It's perfectly possible to have accelerated particles in special relativity in the same way you can have them in classical Newtonian physics.

However, to describe them one needs some of the tools and concepts of differential geometry used commonly in general relativity. For example, if you'd like to describe physics in the reference frame of the accelerating observer, this is no longer inertial and you can't use the simple math of linear Lorentz transformations anymore because you also need to take into account non-linear effects (some of which are present already in classical case, like centrifugal and Coriolis forces).

So what you should do is describe the world-line of the particle as a curve $\gamma(\lambda)$ (parametrized by some affine parameter). You can then compute the velocity of the particle ${\mathbf v} = {{\rm \mathbf d}\gamma(\lambda) \over {\rm d} \lambda}$ as a tangent field along the world-line and the acceleration ${\mathbf a} = {{\rm D} {\mathbf v} \over {\rm d} \lambda}$ as a covariant derivative of velocity along the world-line; here we are implicitly using that we have a flat connection available on our manifold.

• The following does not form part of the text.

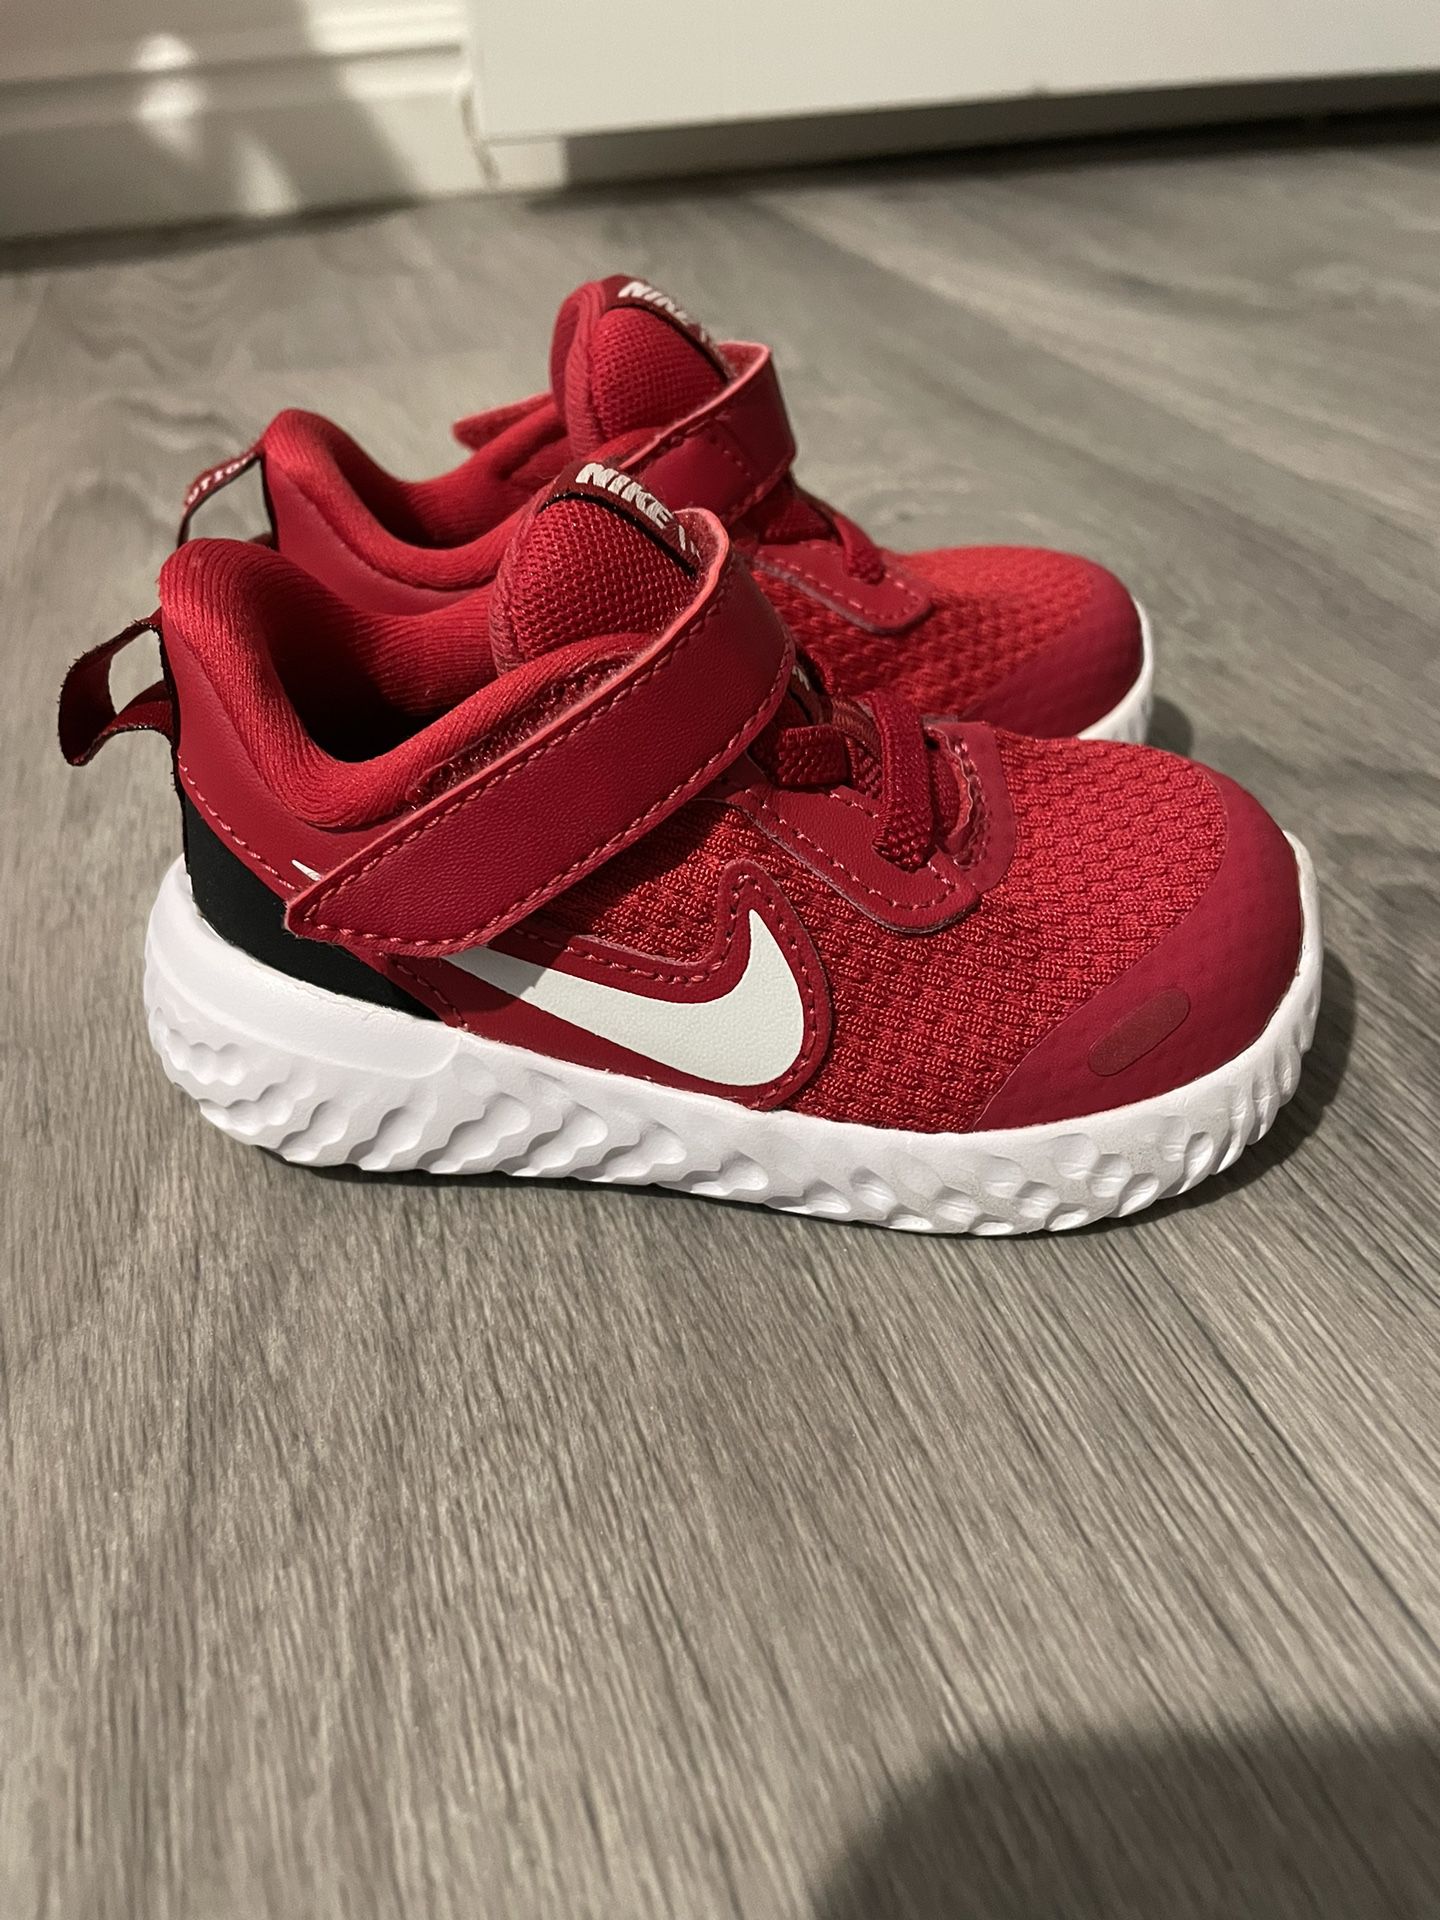 Toddler Nike 5C

Working backwards, you can postulate that the particle is to have some given acceleration due to forces and figure out its trajectory (same way you do it in classical physics).

If you'd like to figure out additional information you can choose some coordinate system at point $\lambda = \lambda_0$. Then you can use Fermi-Walker transport to transport this system along the world-line which gives you information about the way the particle is spinning, etc.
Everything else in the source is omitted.